We base our estimates of the total annual responses on submissions received during fiscal years 2016 and 2017. We base our estimate of the hours per response upon our experience with the petition and filing process.

§ 571.1(c) Moderate Category: For a food additive petition without complex chemistry, manufacturing, efficacy or safety issues, the estimated time requirement per petition is approximately 3,000 hours. We estimate that, annually, 12 respondents will each submit 1 such petition, for a total of 36,000 hours.

§ 571.1(c) Complex Category: For a food additive petition with complex chemistry, manufacturing, efficacy and/or safety issues, the estimated time requirement per petition is approximately 10,000 hours. We estimate that, annually, 12 respondents will each submit 1 such petition, for a total of 120,000 hours.

§ 571.6: For a food additive petition amendment, the estimated time requirement per petition is approximately 1,300 hours. We estimate that, annually, two respondents will each submit one such amendment, for a total of 2,600 hours.

§ 570.17 Moderate Category: For an investigational food additive file without complex chemistry, manufacturing, efficacy, or safety issues, the estimated time requirement per file is approximately 1,500 hours. We estimate that, annually, four respondents will each submit one such file, for a total of 6,000 hours.

§ 570.17 Complex Category: For an investigational food additive file with complex chemistry, manufacturing, efficacy, and/or safety issues, the estimated time requirement per file is approximately 5,000 hours. We estimate that, annually, five respondents will each submit one such file, for a total of 25,000 hours.

12b. Annualized Cost Burden Estimate

¹ May 2017 National Industry-Specific Occupational Employment and Wage Estimates, US Department of Labor, Bureau of Labor Statistics, Compliance Officers 13-1041 (https://www.bls.gov/oes/current/oes131041.htm) $38.88 hourly wage plus 30% adjusted for benefits.

FDA estimates the cost of the information collection request to industry to be 9,582,384. This figure was calculated by multiplying the hourly wage rate for an industry compliance officer ($50.54) by the total number of burden hours (189,600).

13. Estimates of Other Total Annual Costs to Respondents and/or Recordkeepers/Capital Costs

There are no capital, start-up, operating or maintenance costs associated with this information collection.
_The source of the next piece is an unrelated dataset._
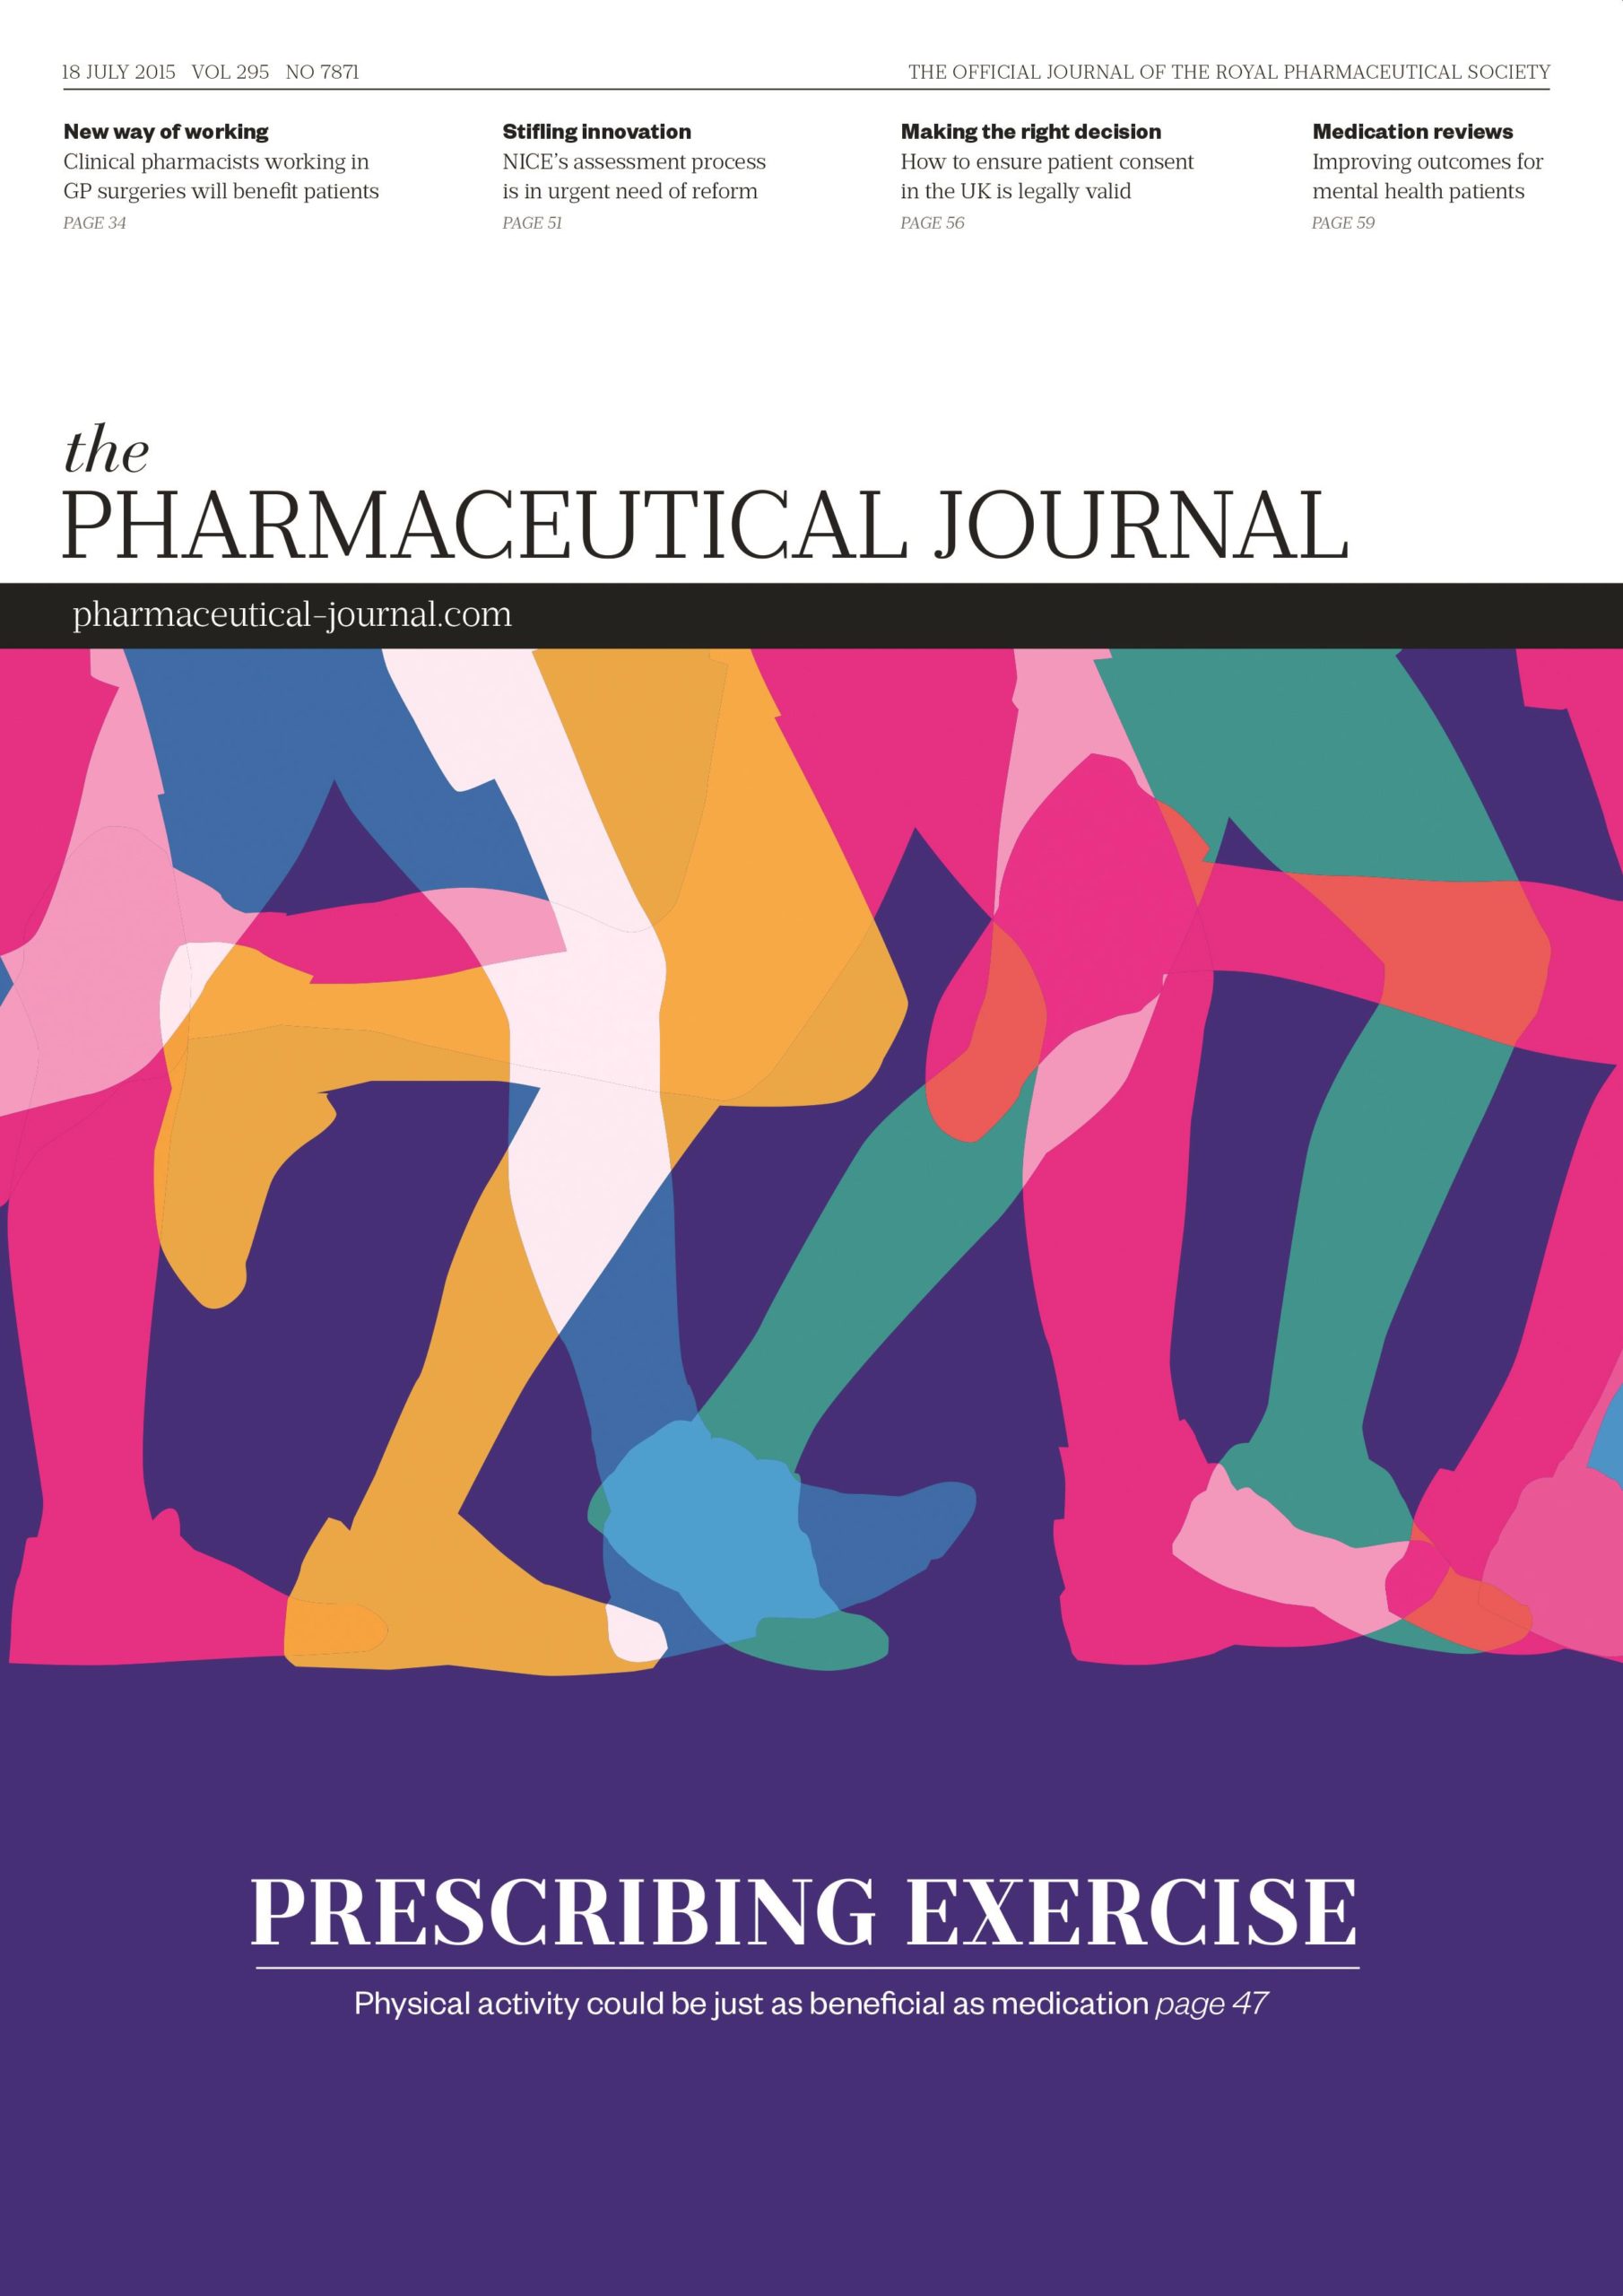 Publication issue cover for PJ, 18 July 2015, Vol 295, No 7871

14. Annualized Cost to the Federal Government

The annualized cost to the Federal Government of processing petitions is derived by multiplying the hourly rate for the GS grade of the employee by the total hourly burden. We anticipate that the review of a food additive petition will require the services of a GS-13-3 review scientist for 1000 hours at an hourly rate of $49.56 per hour based on the 2018 pay scale in the locality pay area of Washington-Baltimore Metro. The cost for the one-time review would be $49,560.

15. Explanation for Program Changes or Adjustments

The burden for this information collection has not changed since the last OMB approval.

16. Plans for Tabulation and Publication and Project Time Schedule

We have no plans to tabulate and publish information from this information collection.

17. Reason(s) Display of OMB Expiration Date is Inappropriate

There are no reasons why display of the expiration date for OMB approval of the information collection would be inappropriate.

18. Exceptions to Certification for Paperwork Reduction Act Submissions

There are no exceptions to the certification.